**What you have to do**
Your answer must be the listing repeated word for word, without its pictures.

**Supplied data**

——————

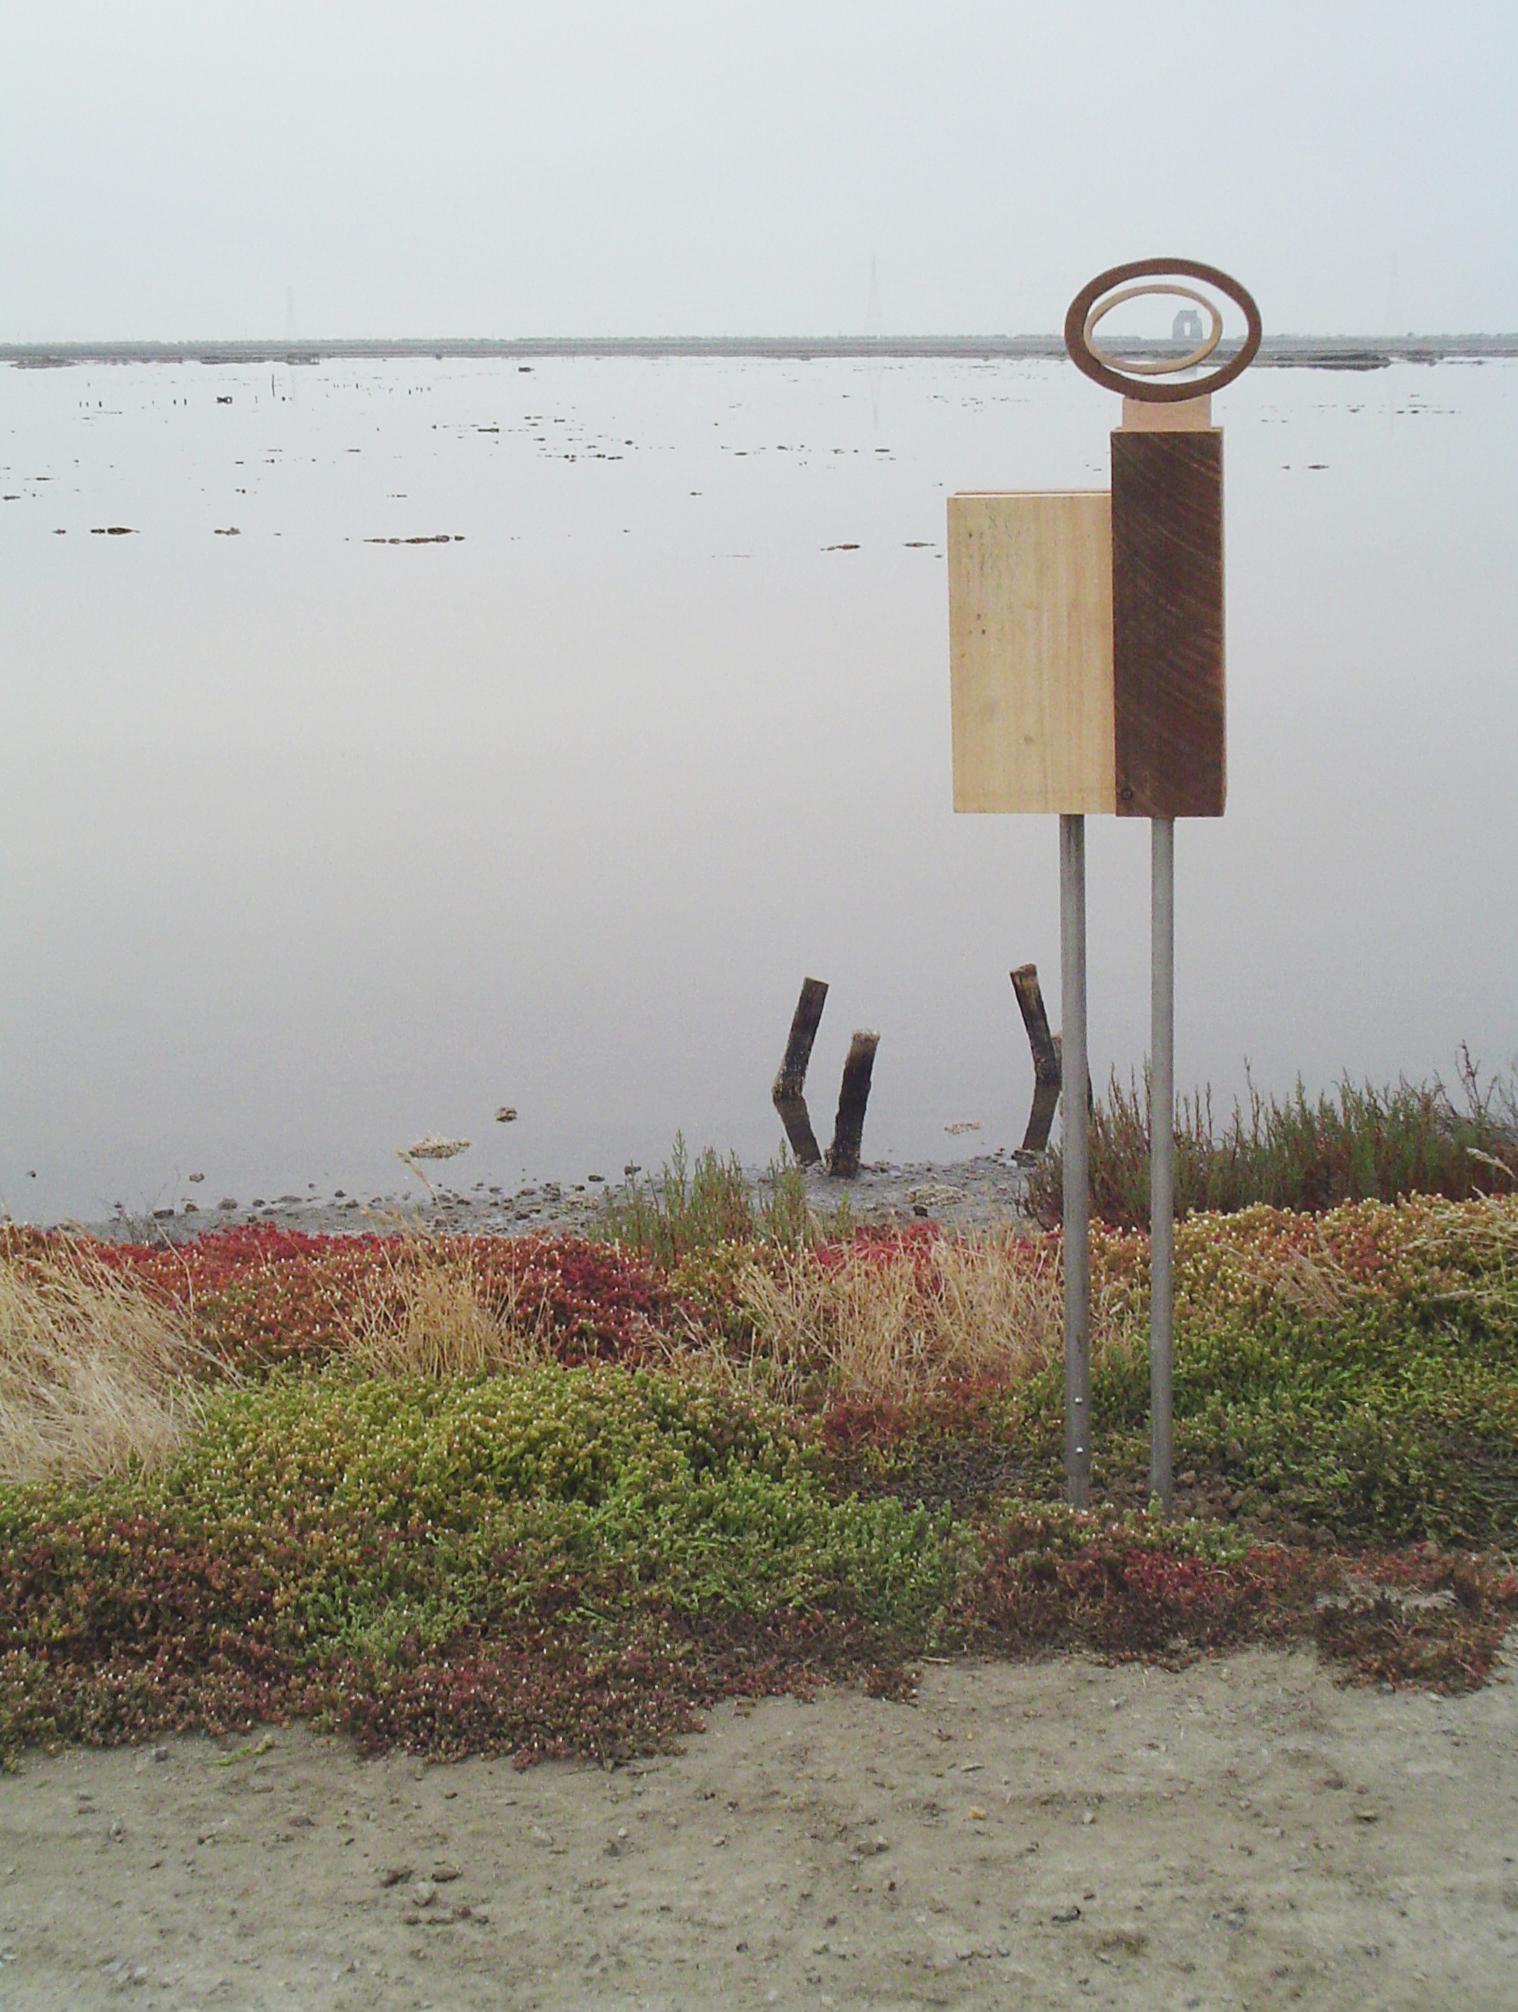 A Bird's Eye View - 4 - SF Bay NWR - Fremont, CA - copyright Marie S.A. Sorensen - 2005
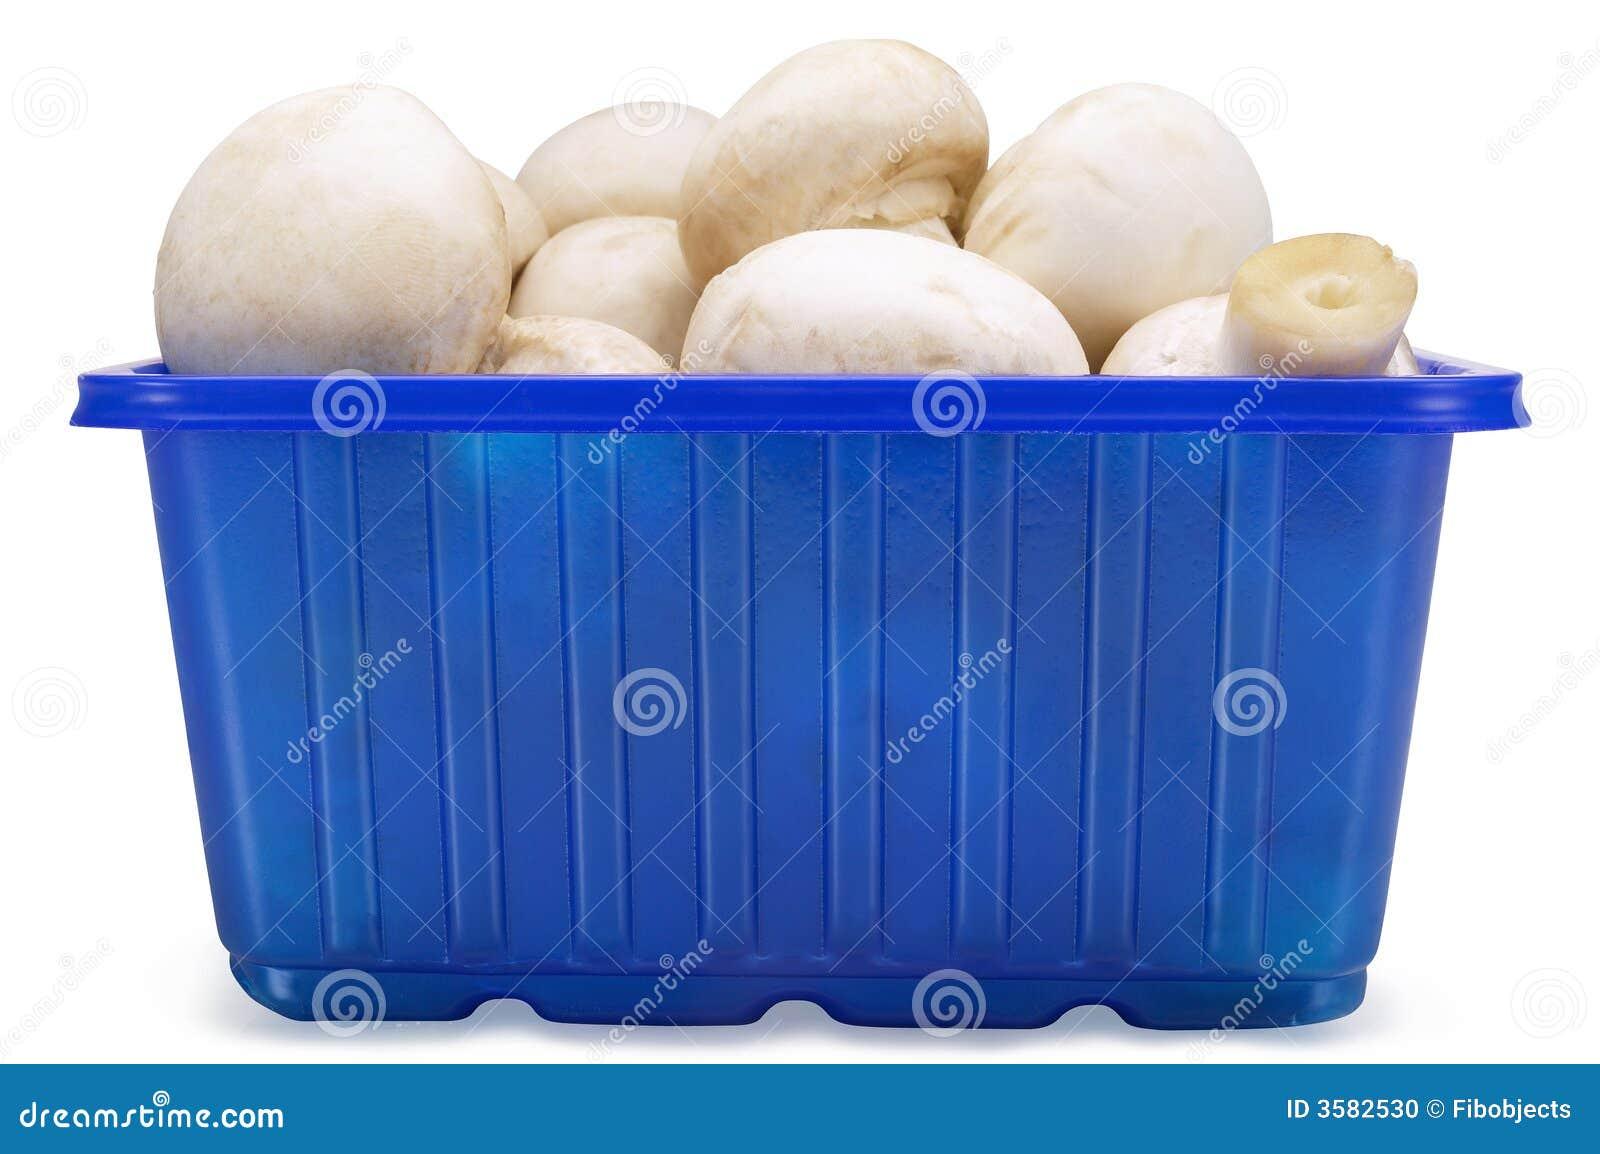 Funghi in una casella
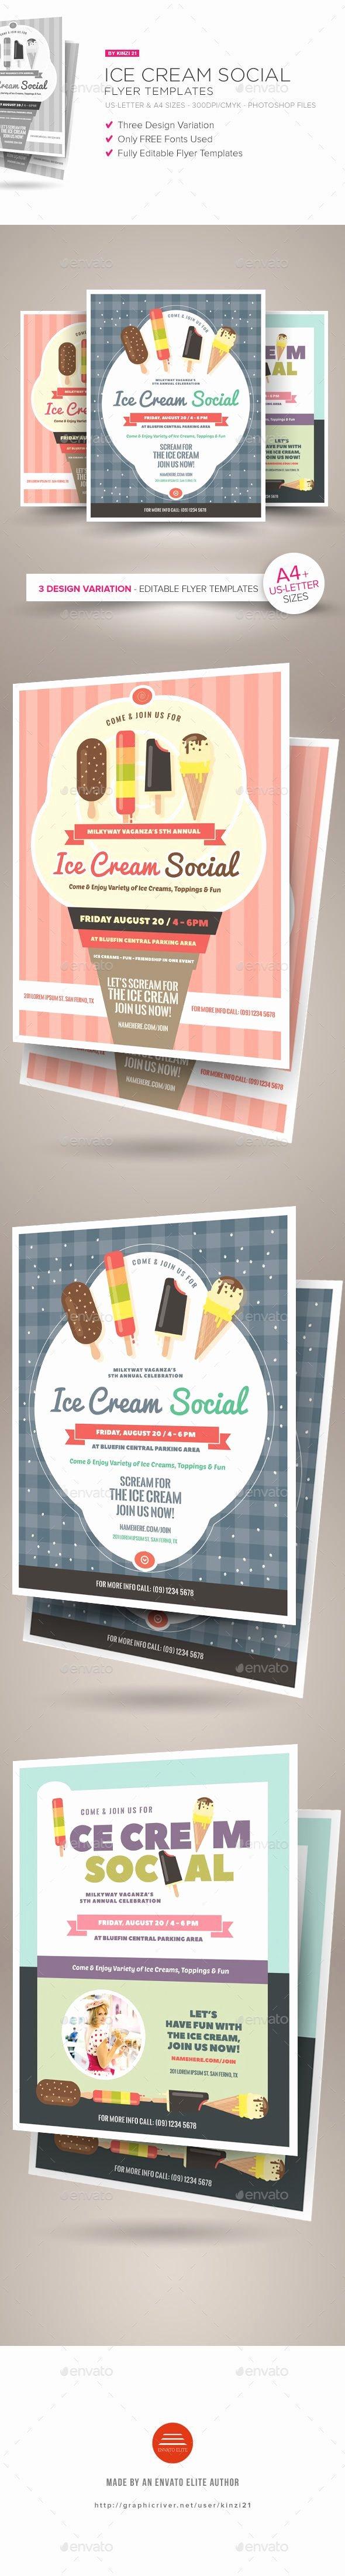 Ice Cream social Flyer Template Free Beautiful Ice Cream social Flyer Templates

——————

**Solution for this problem**
 A Bird's Eye View - 4 - SF Bay NWR - Fremont, CA - copyright Marie S.A. Sorensen - 2005
 Funghi in una casella
 Ice Cream social Flyer Template Free Beautiful Ice Cream social Flyer Templates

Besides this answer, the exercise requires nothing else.